Thursday, April 18, 2013






If Not Now, When?


Comedienne Kathy Griffin, "an honorary member of the LGBT community," has told a southern California LGBT magazine

And then Senator Rob Portman of Ohio coming out for gay marriage, which I’m going to make fun of, and here’s why: I think it’s an amazing thing—Ohio is arguably a red state, it’s on the bubble—but you don’t think it’s a little bit funny that he’s in favor for gay marriage because of his gay son? [Laughs] I mean, is that what it’s going to take? Does every United States Senator have to have a kid come out and say, “Mom, Dad, I’m gay” for them to actually believe in equal rights?

A few days after that interview was published, on Wednesday, the watered-down Manchin-Toomey initiative,  a compromise on background checks for firearms purchases (a compromise of a compromise on background checks, itself a gun control compromise), fell six votes short of a 60-vote majority in the United States Senate.  Carlee Soto, who lost an older sister at the Sandy Hook Elementary School massacre, was interviewed that night by CNN's Piers Morgan (video, below).

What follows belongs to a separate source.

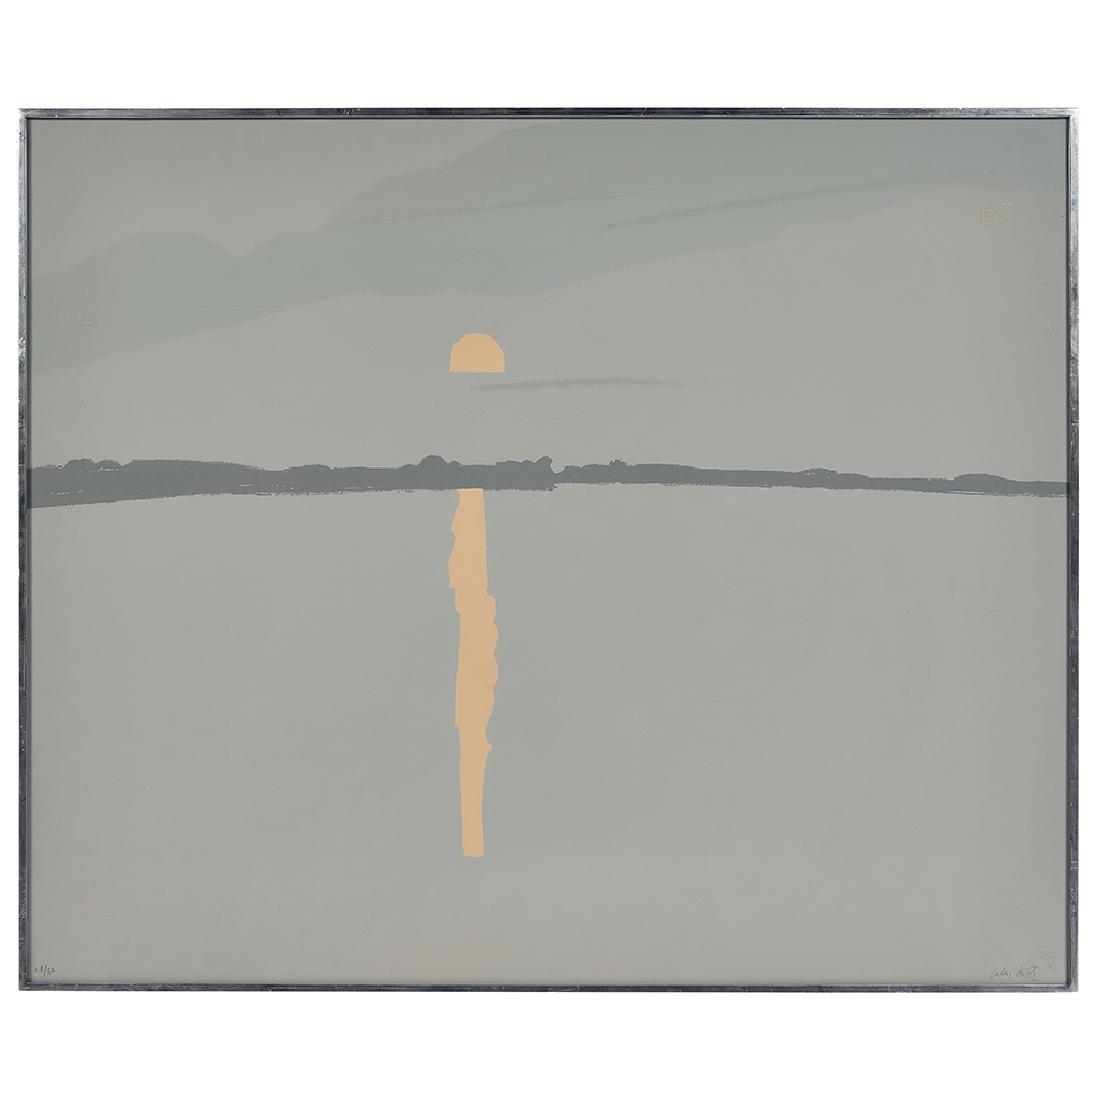 Alex Katz, Sunset, Lake Wesserumett, 1972 - 2

Reminded that an ex-Alaska governor and vice presidential nominee called the rejection "a great day for the Second Amendment," Ms. Soto stated "I love Sarah Palin" but added "No one is trying to take away your guns. It's just a background check. A simple background check."  (Palin actually had omitted the word "great" attributed to her by Morgan.)  She remarked also "I'm disgusted and so disappointed in our Senate... If they were to lose a loved one to a horrific tragedy like we did, they would feel the same way and I don’t wish upon anyone but if they had to bury their loved ones they would feel the same way I do..."

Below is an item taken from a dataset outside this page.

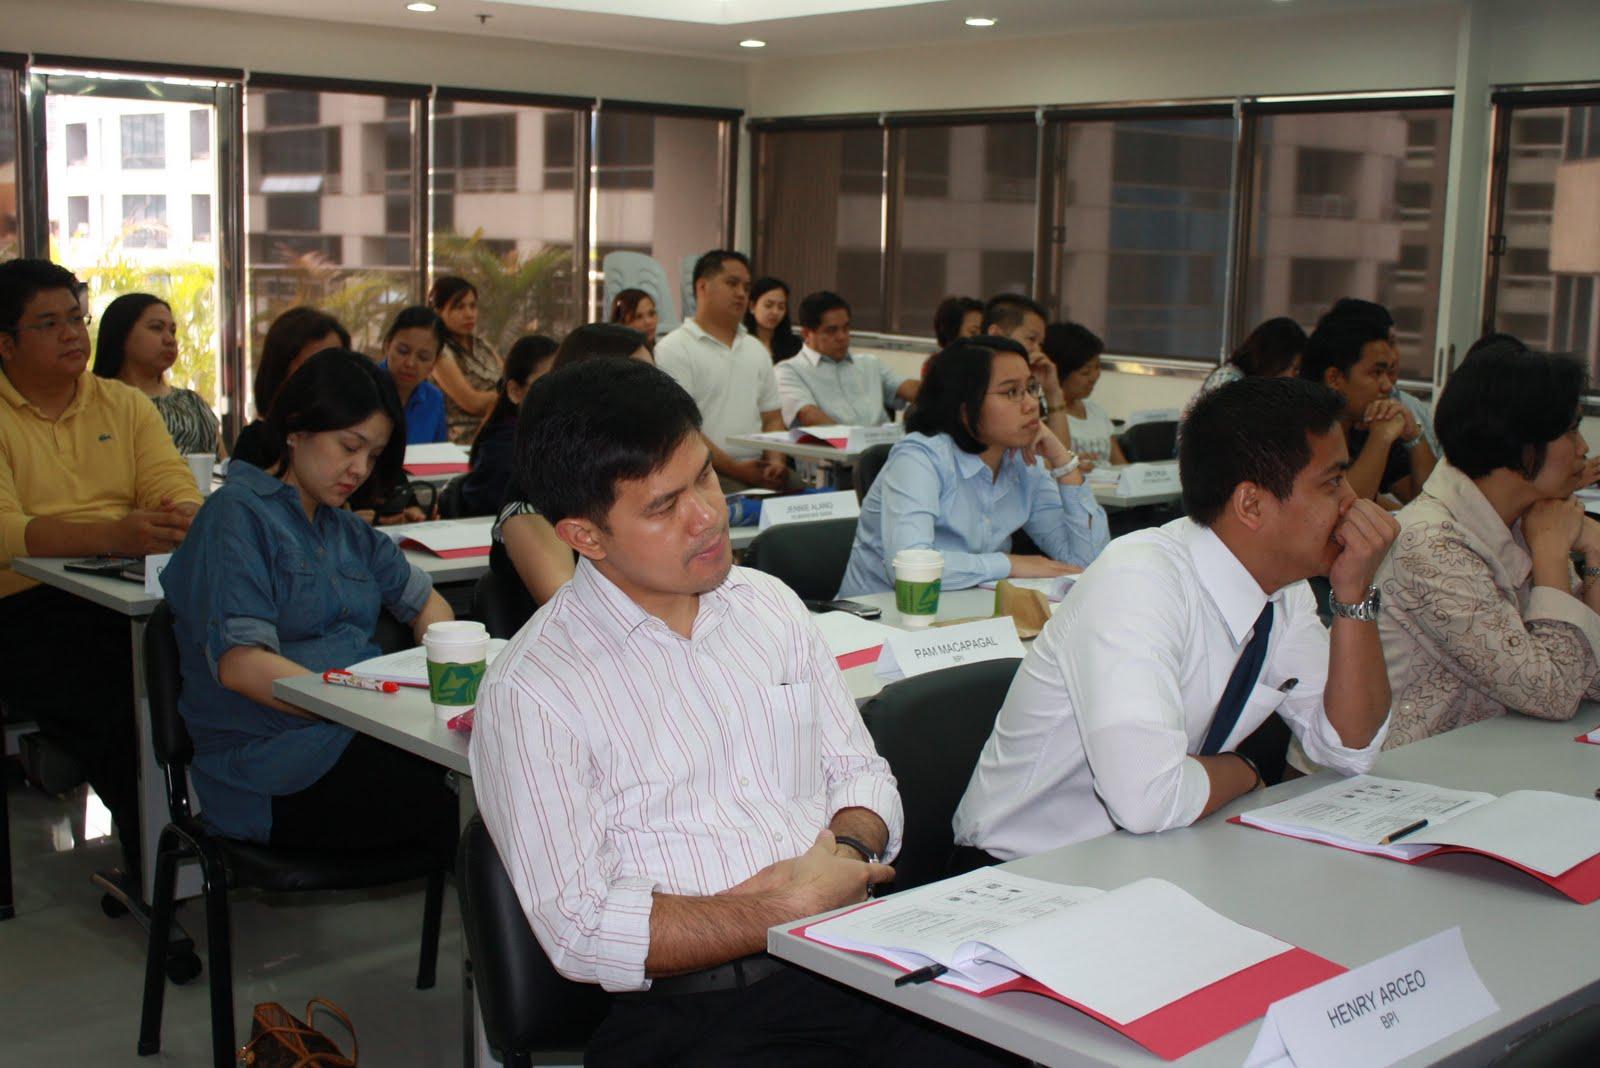 Advance FS Analysis and Advance Economics Seminar - March 18, 2011 (Training Room, ACI-MART Office)

The American people are widely supportive of expanded background checks. (Contrary to Morgan's comment, the bill would not have included private sales.) But perhaps passage would have required a variant of the Portman Effect, something akin to the personal experience that convinced Senator Rob Portman (R-Ohio) to advocate same-sex marriage.   (Note to the ultra-sensitive right wing: I'm not recommending an assassination or praying for murder.)   Or maybe that wouldn't get it done. For as Gabby Giffords movingly wrote in a New York Times op-ed

On Wednesday, a minority of senators gave into fear and blocked common-sense legislation that would have made it harder for criminals and people with dangerous mental illnesses to get hold of deadly firearms — a bill that could prevent future tragedies like those in Newtown, Conn., Aurora, Colo., Blacksburg, Va., and too many communities to count.

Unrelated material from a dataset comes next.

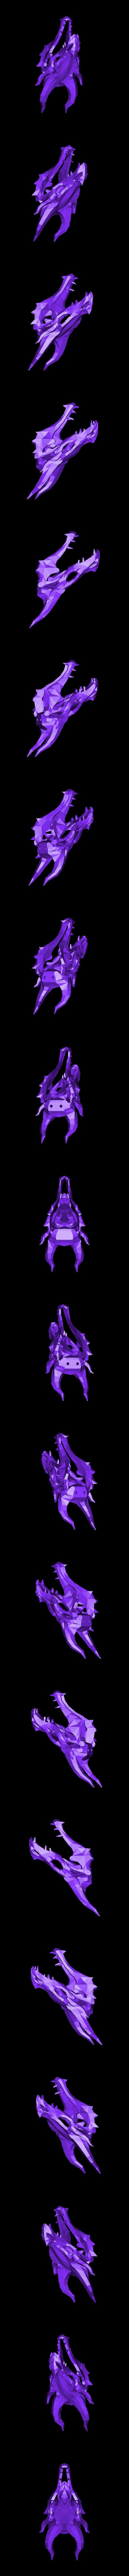 skull.stl Download free STL file Skyrim skull Dragon wall Trophy • 3D printable model, raffosan

Some of the senators who voted against the background-check amendments have met with grieving parents whose children were murdered at Sandy Hook, in Newtown. Some of the senators who voted no have also looked into my eyes as I talked about my experience being shot in the head at point-blank range in suburban Tucson two years ago, and expressed sympathy for the 18 other people shot besides me, 6 of whom died. These senators have heard from their constituents — who polls show overwhelmingly favored expanding background checks. And still these senators decided to do nothing. Shame on them.

Even after a United States Representative was shot (and others killed), after 26 individuals including seven children were massacred, after the more than 3500 deaths from firearms since the incident in Newtown, Connecticut, 46 United States Senators defiantly and wantonly voted in favor of violent crime and its Washington lobby, the National Rifle Association.   Among the 54 who opted to put a brake, however slight, on the influence of the NRA were four Republicans.  None of them was named "Rob."

Quite the profile in courage, that Ohio Senator.